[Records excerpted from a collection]
☆ ☆ ☆ ☆ ☆ ☆ ☆

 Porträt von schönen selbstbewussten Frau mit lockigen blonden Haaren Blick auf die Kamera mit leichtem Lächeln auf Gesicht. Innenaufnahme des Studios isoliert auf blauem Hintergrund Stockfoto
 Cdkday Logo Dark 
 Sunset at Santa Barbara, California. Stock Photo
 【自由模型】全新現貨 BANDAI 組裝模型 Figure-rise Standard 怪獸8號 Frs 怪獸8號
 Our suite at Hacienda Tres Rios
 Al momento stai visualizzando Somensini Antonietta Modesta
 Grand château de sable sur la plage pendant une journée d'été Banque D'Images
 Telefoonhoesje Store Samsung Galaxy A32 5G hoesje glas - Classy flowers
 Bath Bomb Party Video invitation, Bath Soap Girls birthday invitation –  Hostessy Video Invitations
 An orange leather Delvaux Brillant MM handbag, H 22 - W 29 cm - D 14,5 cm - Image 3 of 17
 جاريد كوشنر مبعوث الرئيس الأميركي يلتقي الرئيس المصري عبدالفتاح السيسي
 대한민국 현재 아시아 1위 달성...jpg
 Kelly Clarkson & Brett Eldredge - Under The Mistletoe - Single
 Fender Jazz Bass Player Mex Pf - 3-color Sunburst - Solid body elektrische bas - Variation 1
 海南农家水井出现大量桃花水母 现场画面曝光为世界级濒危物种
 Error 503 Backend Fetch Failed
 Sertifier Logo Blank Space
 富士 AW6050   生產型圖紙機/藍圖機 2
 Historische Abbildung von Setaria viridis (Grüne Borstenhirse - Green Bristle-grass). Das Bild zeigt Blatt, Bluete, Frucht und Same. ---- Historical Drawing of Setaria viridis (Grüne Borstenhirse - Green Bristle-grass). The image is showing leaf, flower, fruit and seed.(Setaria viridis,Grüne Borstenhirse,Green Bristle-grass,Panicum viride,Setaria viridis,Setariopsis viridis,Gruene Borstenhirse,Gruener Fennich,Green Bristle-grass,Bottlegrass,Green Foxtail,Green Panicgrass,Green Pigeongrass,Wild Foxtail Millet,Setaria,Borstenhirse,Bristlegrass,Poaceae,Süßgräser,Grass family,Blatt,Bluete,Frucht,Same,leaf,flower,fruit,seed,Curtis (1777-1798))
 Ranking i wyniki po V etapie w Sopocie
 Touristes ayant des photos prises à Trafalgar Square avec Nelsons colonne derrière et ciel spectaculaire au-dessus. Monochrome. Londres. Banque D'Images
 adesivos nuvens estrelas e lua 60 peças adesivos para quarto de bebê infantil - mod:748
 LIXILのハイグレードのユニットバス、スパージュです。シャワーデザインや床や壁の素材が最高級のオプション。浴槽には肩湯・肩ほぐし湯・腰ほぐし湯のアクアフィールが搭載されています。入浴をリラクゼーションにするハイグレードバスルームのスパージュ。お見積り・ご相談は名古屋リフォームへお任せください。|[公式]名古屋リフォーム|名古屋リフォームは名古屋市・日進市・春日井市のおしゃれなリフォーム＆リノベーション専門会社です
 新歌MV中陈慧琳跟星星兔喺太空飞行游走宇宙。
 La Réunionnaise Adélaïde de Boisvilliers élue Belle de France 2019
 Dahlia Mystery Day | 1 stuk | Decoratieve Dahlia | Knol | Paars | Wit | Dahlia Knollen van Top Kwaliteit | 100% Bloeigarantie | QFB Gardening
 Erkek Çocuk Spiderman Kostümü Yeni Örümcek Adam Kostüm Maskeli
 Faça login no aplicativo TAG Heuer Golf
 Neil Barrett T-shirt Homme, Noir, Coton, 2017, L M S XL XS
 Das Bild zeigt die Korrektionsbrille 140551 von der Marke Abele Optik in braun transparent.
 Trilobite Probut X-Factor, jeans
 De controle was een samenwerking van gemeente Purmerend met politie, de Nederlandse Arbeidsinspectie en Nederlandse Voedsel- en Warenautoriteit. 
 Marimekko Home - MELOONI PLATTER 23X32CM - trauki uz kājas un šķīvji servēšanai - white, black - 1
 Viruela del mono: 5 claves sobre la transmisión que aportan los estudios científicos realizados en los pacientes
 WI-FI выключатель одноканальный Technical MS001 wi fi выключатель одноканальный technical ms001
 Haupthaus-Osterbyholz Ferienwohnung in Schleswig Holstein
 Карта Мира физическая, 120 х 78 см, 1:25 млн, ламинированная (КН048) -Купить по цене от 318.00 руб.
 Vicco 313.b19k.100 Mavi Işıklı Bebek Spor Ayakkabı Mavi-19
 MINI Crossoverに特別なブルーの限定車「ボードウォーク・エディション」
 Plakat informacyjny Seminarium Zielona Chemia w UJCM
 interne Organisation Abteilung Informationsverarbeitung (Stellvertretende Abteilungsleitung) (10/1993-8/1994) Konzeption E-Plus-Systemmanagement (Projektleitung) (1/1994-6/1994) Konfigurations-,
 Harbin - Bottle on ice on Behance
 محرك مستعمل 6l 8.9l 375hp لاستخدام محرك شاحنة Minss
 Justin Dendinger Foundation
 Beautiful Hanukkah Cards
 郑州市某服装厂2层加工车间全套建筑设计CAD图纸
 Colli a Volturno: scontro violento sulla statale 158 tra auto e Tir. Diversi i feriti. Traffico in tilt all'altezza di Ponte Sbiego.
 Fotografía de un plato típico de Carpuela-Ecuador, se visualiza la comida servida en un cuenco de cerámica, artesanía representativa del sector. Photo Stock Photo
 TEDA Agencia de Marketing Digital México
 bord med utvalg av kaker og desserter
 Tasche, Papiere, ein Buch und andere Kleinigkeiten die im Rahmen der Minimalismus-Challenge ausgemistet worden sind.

☆ ☆ ☆ ☆ ☆ ☆ ☆

## Task statement
In the records above, find the line with "Beautiful Hanukkah Cards"; write out exactly that line and each one after it, stopping after the line with "bord med utvalg av kaker og desserter".

## Written solution
 Beautiful Hanukkah Cards
 郑州市某服装厂2层加工车间全套建筑设计CAD图纸
 Colli a Volturno: scontro violento sulla statale 158 tra auto e Tir. Diversi i feriti. Traffico in tilt all'altezza di Ponte Sbiego.
 Fotografía de un plato típico de Carpuela-Ecuador, se visualiza la comida servida en un cuenco de cerámica, artesanía representativa del sector. Photo Stock Photo
 TEDA Agencia de Marketing Digital México
 bord med utvalg av kaker og desserter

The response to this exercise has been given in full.